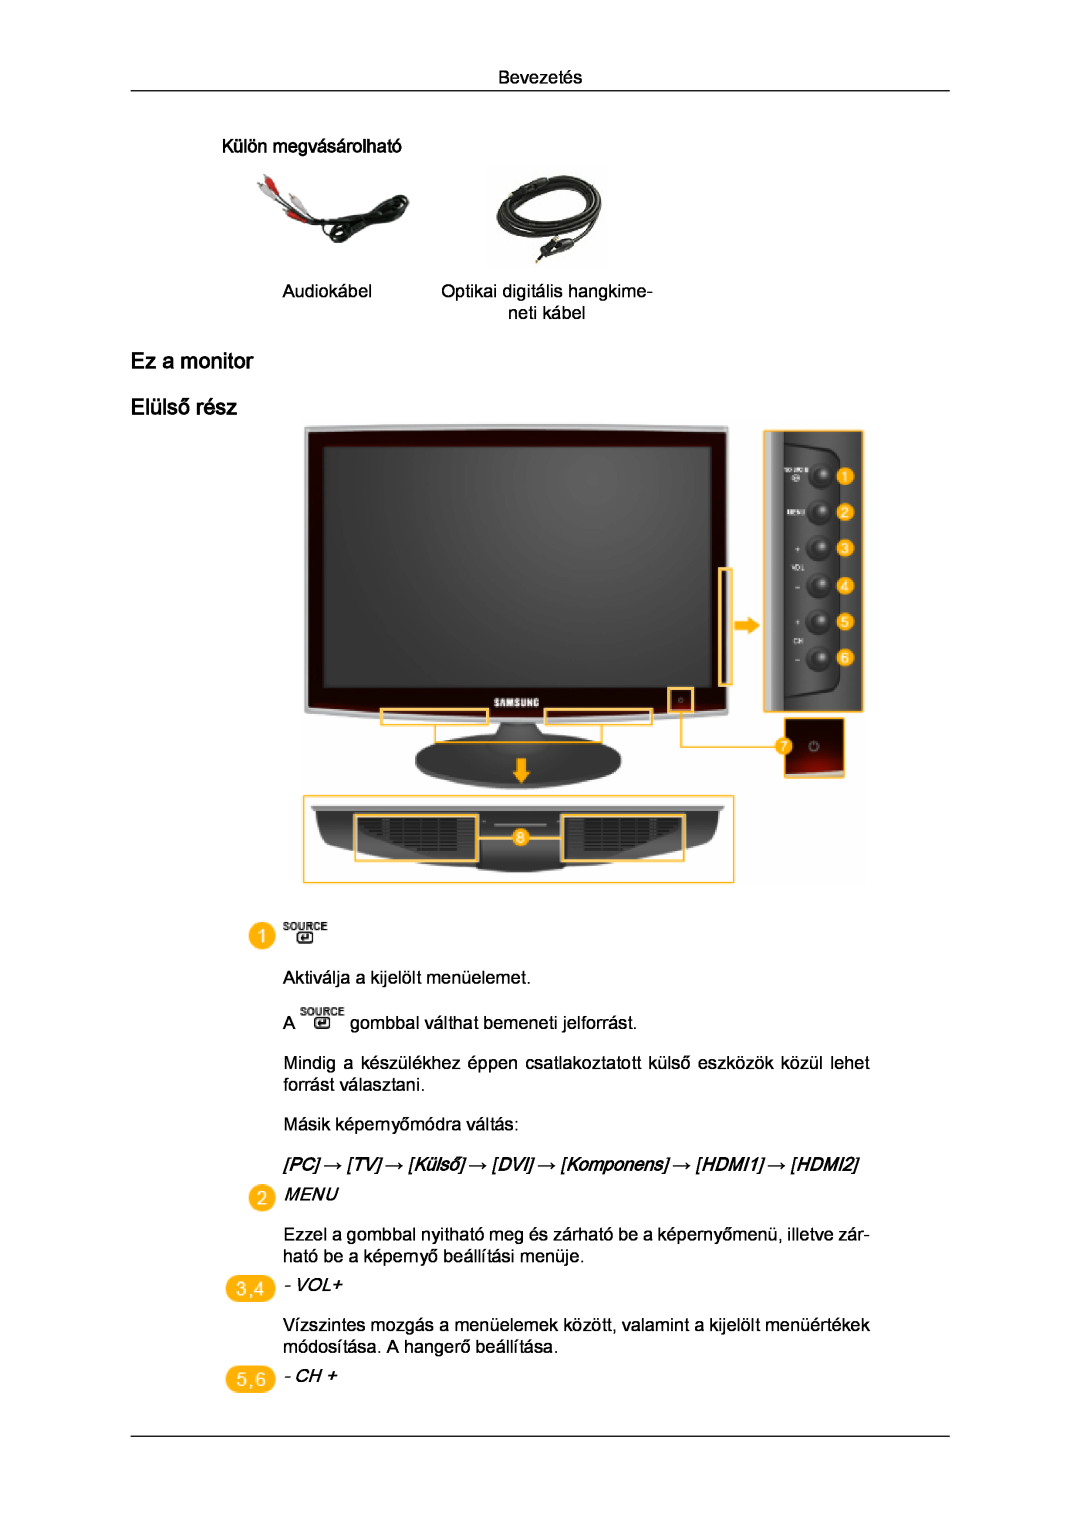 Samsung LS20TDDSUV/EN, LS20TDVSUV/EN, LS24TDVSUV/EN manual Ez a monitor Elülső rész, Menu, Vol+, Ch +, Külön megvásárolható 
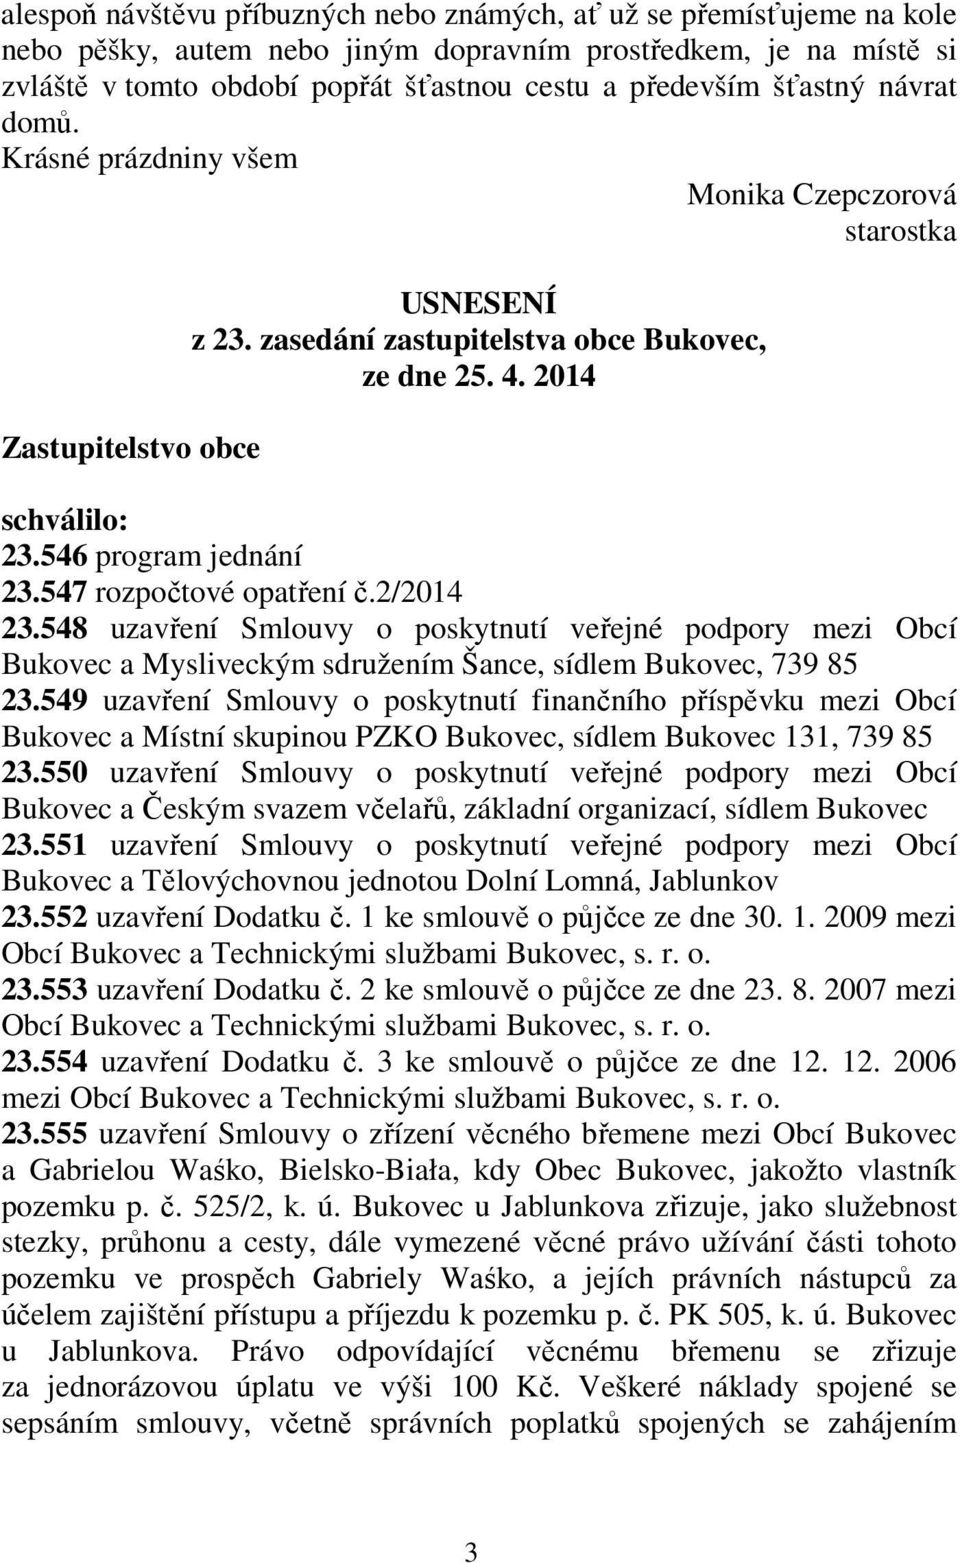 546 program jednání 23.547 rozpočtové opatření č.2/2014 23.548 uzavření Smlouvy o poskytnutí veřejné podpory mezi Obcí Bukovec a Mysliveckým sdružením Šance, sídlem Bukovec, 739 85 23.
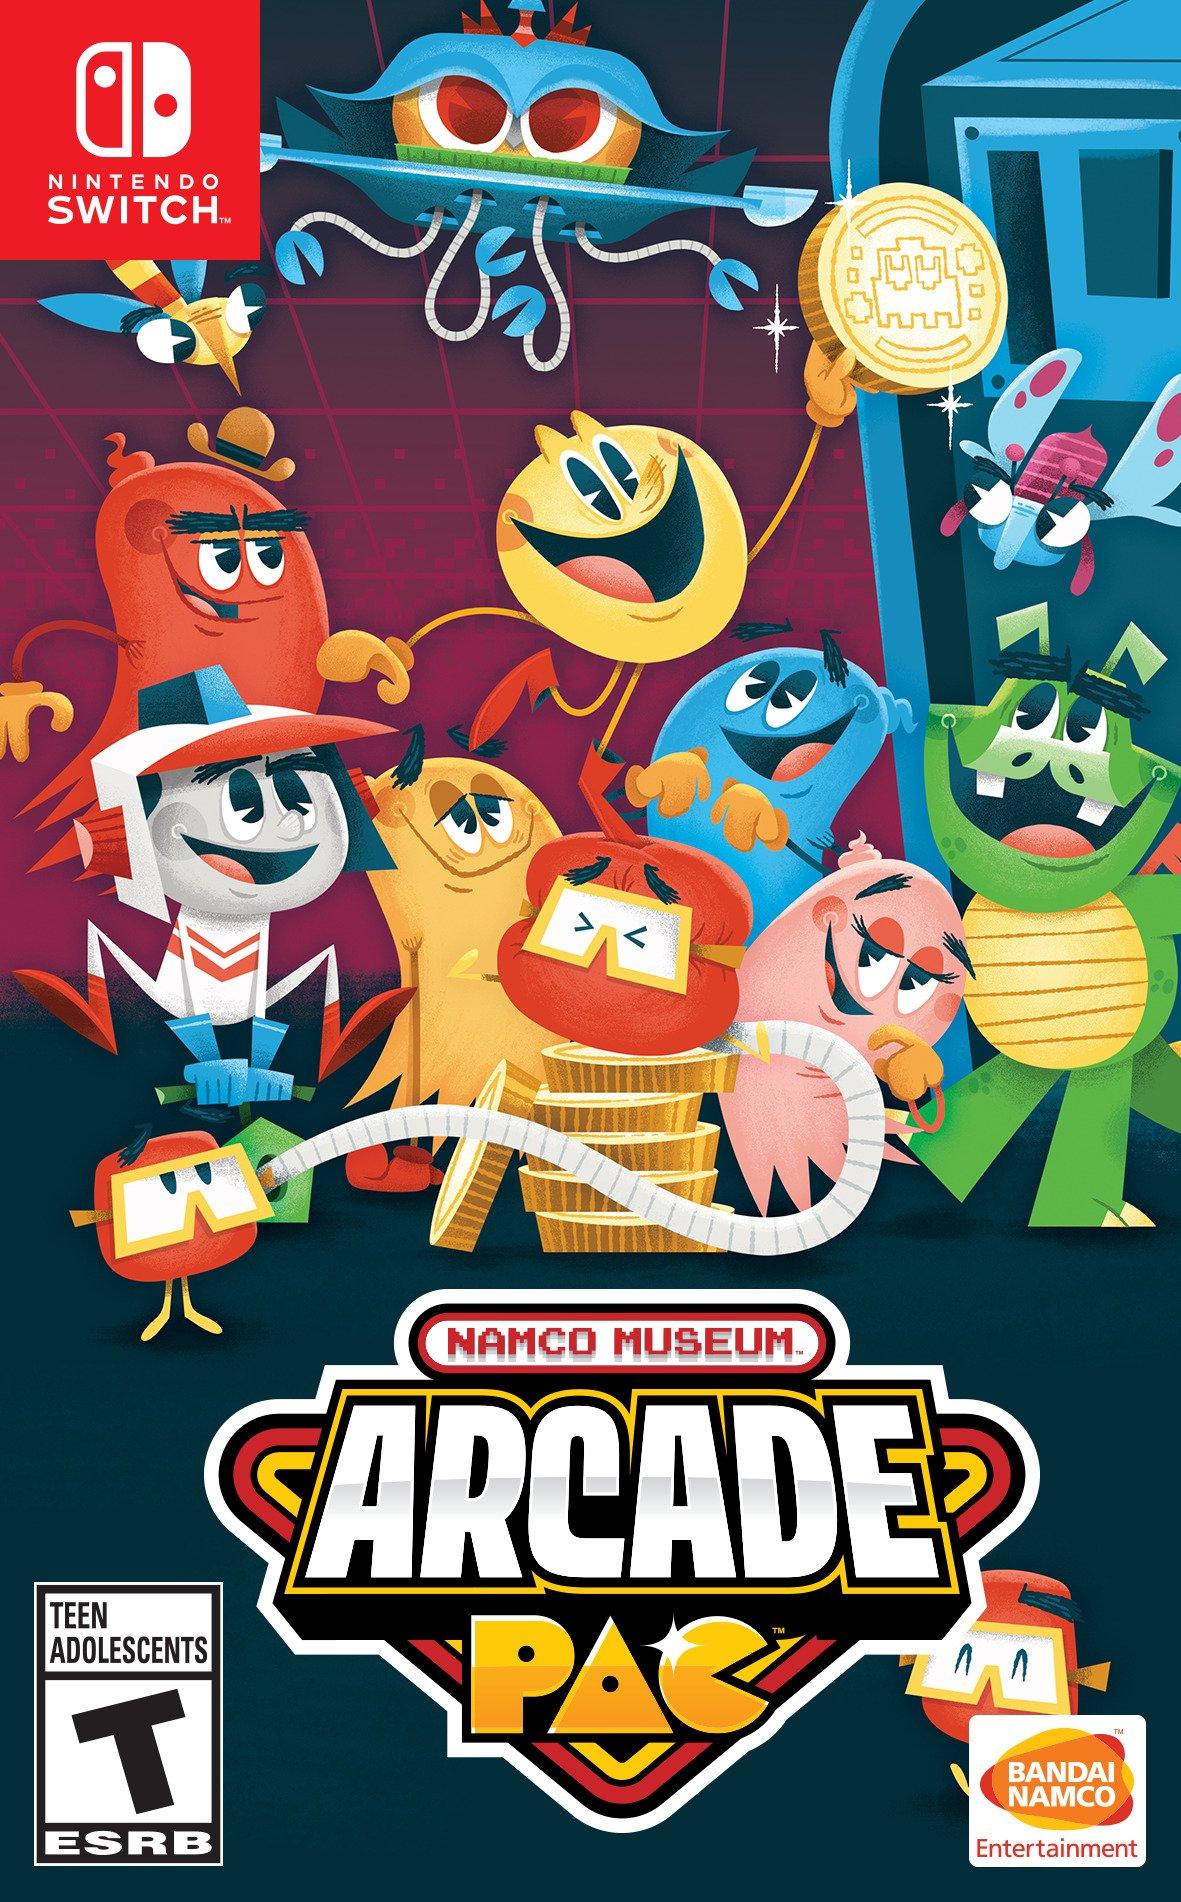 Arcade Archives PAC-MAN, Aplicações de download da Nintendo Switch, Jogos
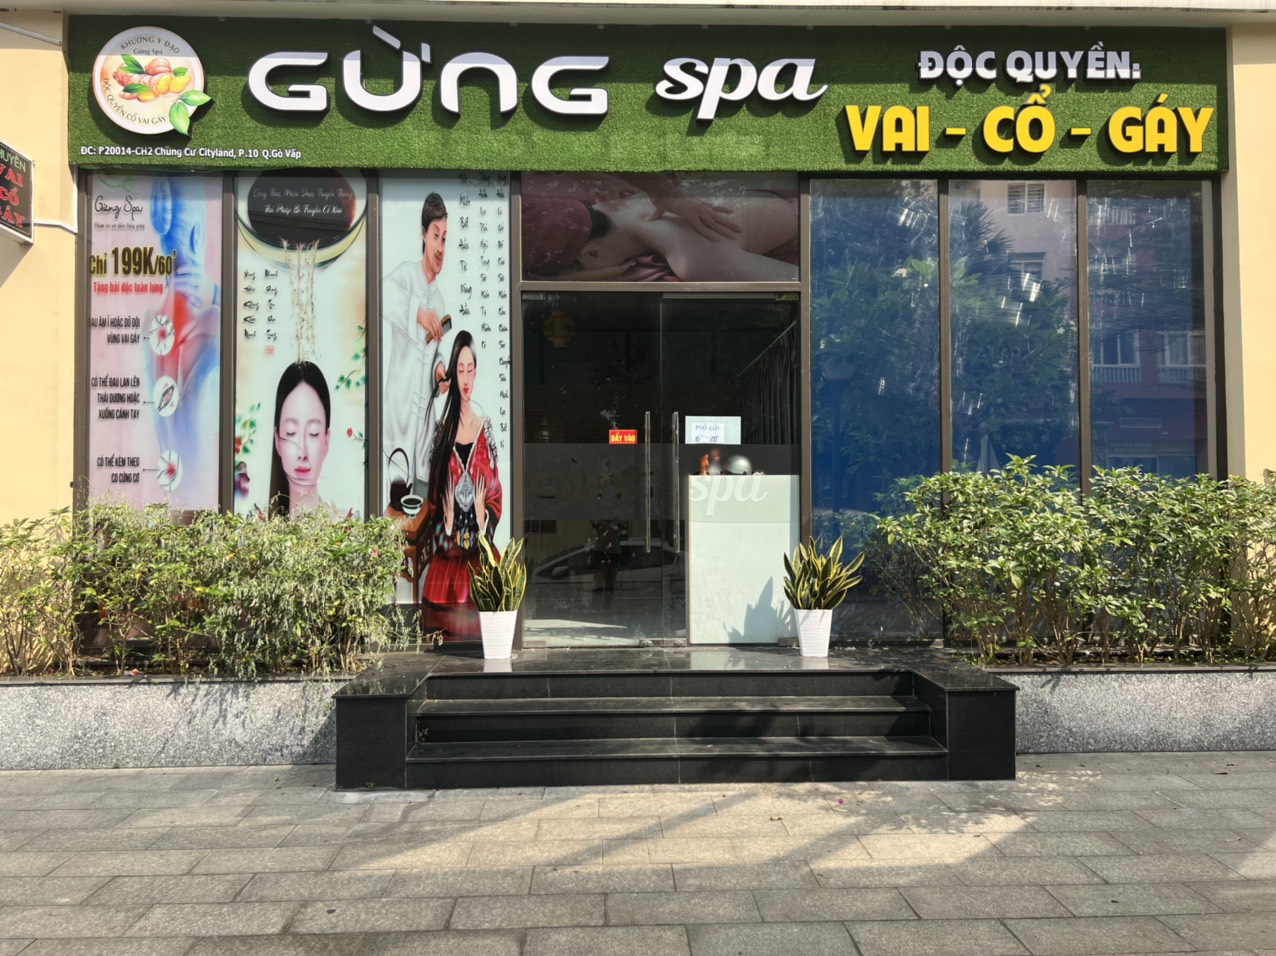 Top 3 Tiệm Spa Chuyên Trị Cổ Vai Gáy Uy Tín Tại Quận Gò Vấp TPHCM

** Problem to solve **
Set down all of the material above exactly as written, leaving the pictures out.

** Response to this task **
 Samsung LS20TDDSUV/EN, LS20TDVSUV/EN, LS24TDVSUV/EN manual Ez a monitor Elülső rész, Menu, Vol+, Ch +, Külön megvásárolható 
 546 program jednání 23.547 rozpočtové opatření č.2/2014 23.548 uzavření Smlouvy o poskytnutí veřejné podpory mezi Obcí Bukovec a Mysliveckým sdružením Šance, sídlem Bukovec, 739 85 23.
 Arcade Archives PAC-MAN, Aplicações de download da Nintendo Switch, Jogos
 Top 3 Tiệm Spa Chuyên Trị Cổ Vai Gáy Uy Tín Tại Quận Gò Vấp TPHCM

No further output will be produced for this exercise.